Я ждал, что она позовет меня к себе, но она не позвала, и мы условились встретиться – где же?
– Может быть, в сквере на Триумфальной?
– Этого сквера теперь нет, – холодно возразила Катя.
И мы условились встретиться между колоннами у Большого театра.
Вот и все, о чем мы говорили по телефону, и нечего было перебирать каждое слово, как я делал это весь первый длинный день в Москве.
Я поехал в Управление гражданского воздушного флота, потом к Вале в Зооинститут. Должно быть, у меня был рассеянный вид, потому что Валя несколько раз повторил мне, что завтра двадцатипятилетний юбилей педагогической деятельности Кораблева и что будет торжественное заседание в школе.
Наконец в девятом часу вечера я отправился к Большому театру…
Это была прежняя Катя с косами вокруг головы, завитками на лбу, которые я всегда вспоминал, когда думал о ней. Она побледнела и выросла и, конечно, была теперь не та девочка, которая когда—то поцеловала меня в сквере на Триумфальной. У нее стал сдержанный взгляд, сдержанный голос. Но все же это была Катя, и она совсем не стала так уж похожа на Марью Васильевну, как я этого почему—то боялся. Наоборот, все прежние Катины черты как—то определились, и она стала теперь еще больше Катя, чем прежде. Она была в белой шелковой блузке с короткими рукавами, синий бант с белыми горошинами приколот у выреза на груди, и у нее становилось строгое выражение, когда во время нашего разговора я старался заглянуть ей в лицо.
С таким чувством, как будто мы в разных комнатах и разговариваем через стену и только иногда приоткрывается дверь и Катя выглядывает, чтобы посмотреть, я это или не я, мы бродили по Москве в этот печальный день.
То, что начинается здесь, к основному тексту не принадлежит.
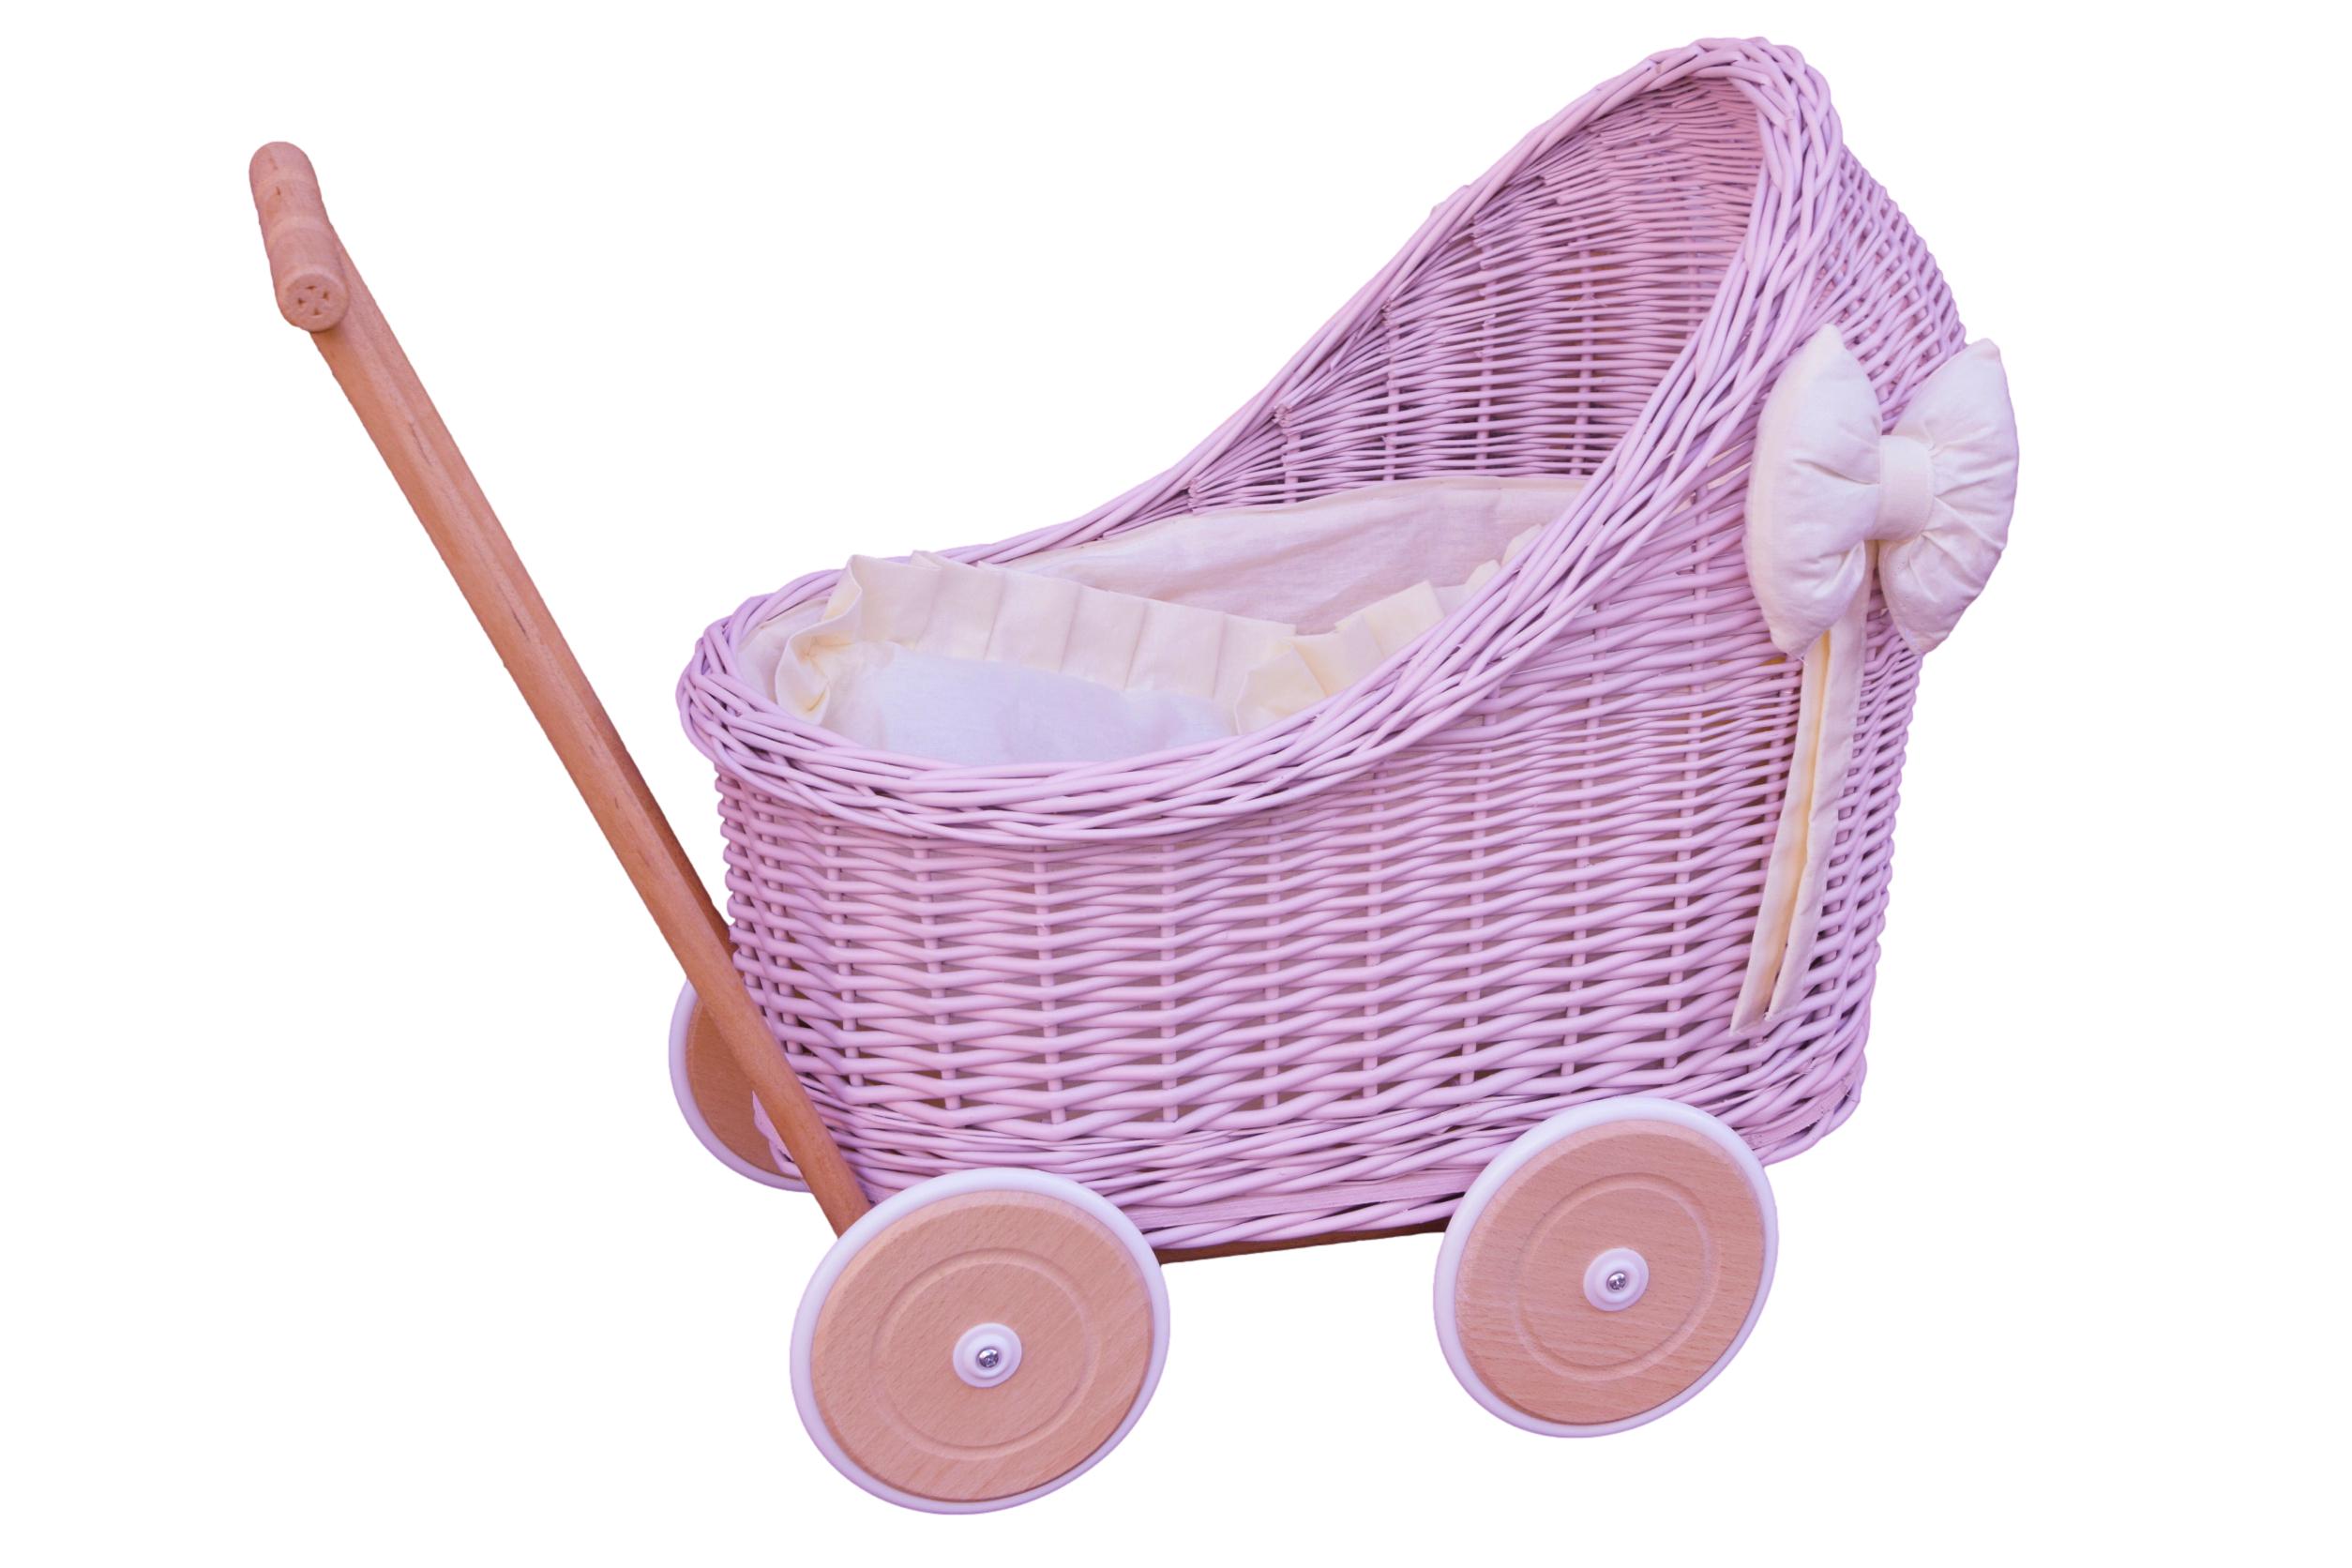 Wiklinowy wózek dla lalek w kolorze pudrowego różu z pościelą ecru
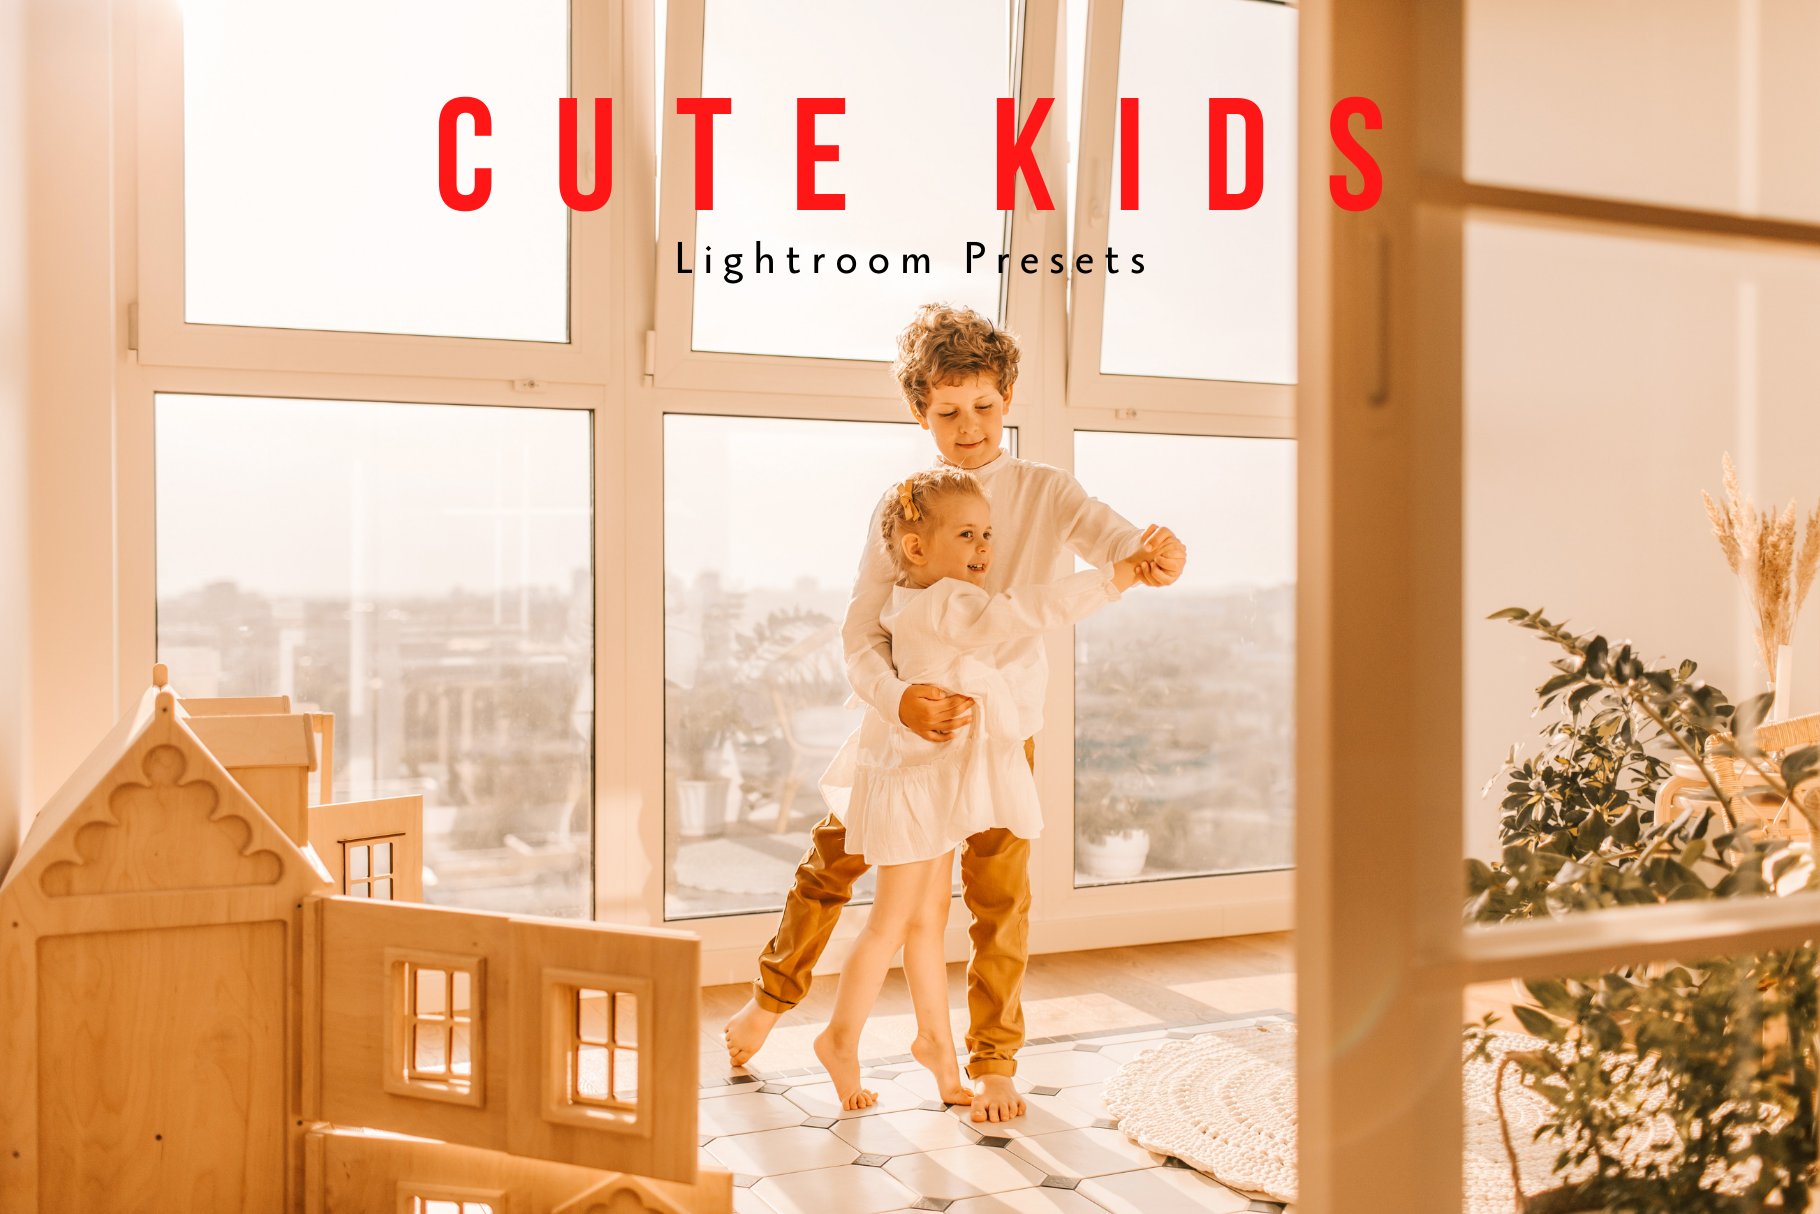 Kids Lightroom Presetscover image.

Я говорил и говорил, – не запомню, когда еще я говорил так много. Но все это было совсем не то, что я хотел сказать ей. Я рассказал о том, как была составлена «азбука штурмана» и что это была за работа – прочитать его дневники. Я рассказал, как был найден старый латунный багор с надписью «Шхуна „Св. Мария“.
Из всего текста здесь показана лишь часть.